How Not To Write An Abstract

I always encourage people to be careful when reading abstracts. Read the entire article, I say. Here’s a perfect example of why this is true.

Artificial blood products have been one of the holy grails of trauma for decades. Typically, a new one is developed, shows promise, then flames out for one reason or another. MP40X is yet another hemoglobin molecule that has been shown to improve tissue oxygen delivery. A multi-center clinical study was designed to look at clinical outcomes in real trauma patients. The study involved 38 hospitals, and was placebo controlled. Only patients in hemorrhagic shock with an elevated serum lactate were enrolled. The primary outcome was survival at 28 days.

Here are the factoids:

  • 313 patients were successfully studied over 17 months, with nearly equal numbers of MP40X vs normal saline controls
  • The two groups were well-matched for the usual demographics
  • Mortality for MP40X was 12% vs 14% for controls (not significant)
  • Serious adverse events were the same (36% vs 37%)
  • 57% of MP40X patients were alive at 28 days vs 50% of controls (not significant)
  • Ventilator-free days, hospital-free days, and organ failure was the same between the groups

However, the authors conclude:

While there were promising trends to suggest a potential for improved outcomes, the study was underpowered to confirm the efficacy of MP40X in trauma hemorrhage.”

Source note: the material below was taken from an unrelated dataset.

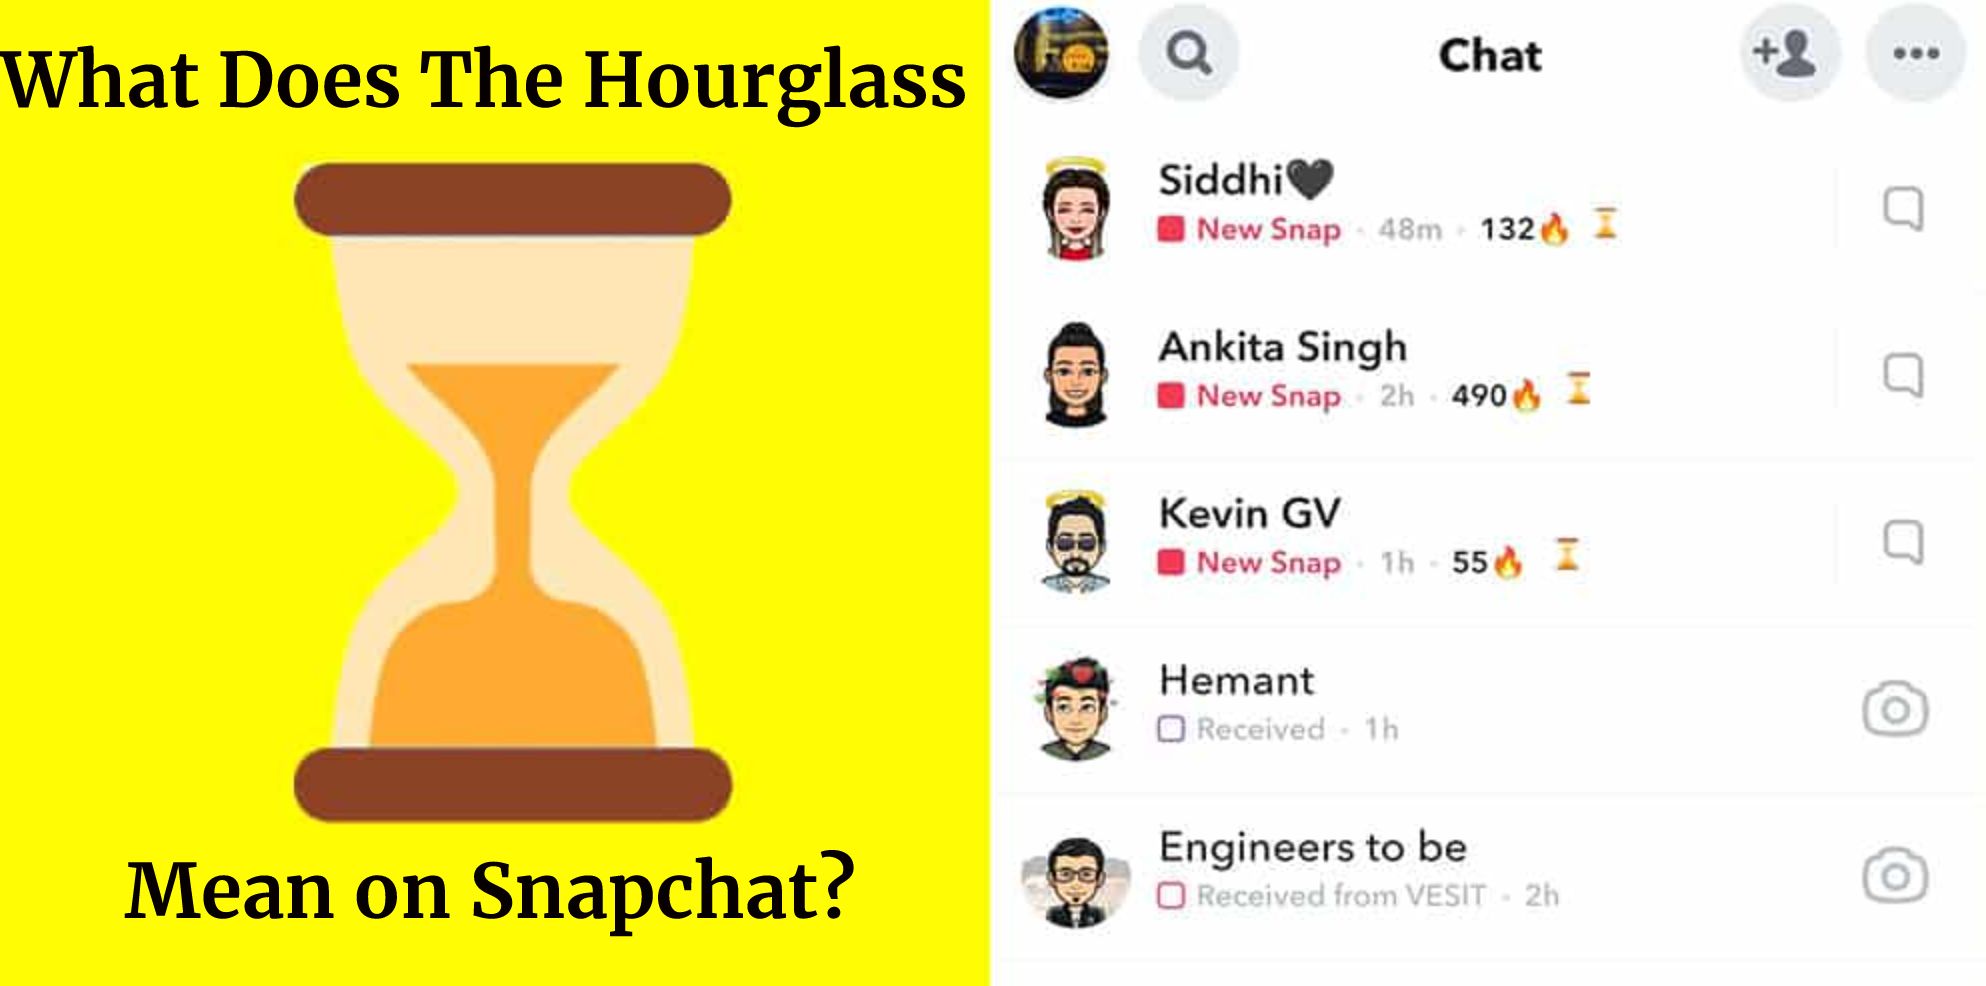 What Does The Hourglass Mean on Snapchat

Bottom line: When someone designs a study, especially a multi-center study that lots of people will spend their time and money on, the investigators are responsible for doing it right. This includes trying to estimate how many patients are needed to have a chance of showing a significant difference. Granted, this may be somewhat difficult with a new product or drug, but at least estimate on the high side.

This study abstract blames the lack of results on not having enough subjects. If that is truly the case, the reasons for underpowering it should be explained in the abstract. Otherwise, it just looks like they are making excuses and raise hopes for an ineffective product.

Reference:Effects of MP40X, an oxygen therapeutic, on clinical outcomes in trauma patients with hemorrhagic shock: a Phase IIb multi-center randomized placebo-controlled trial. AAST 2013, Paper 15.

A hat tip to the Skeptical Scalpel for bringing this paper to my attention.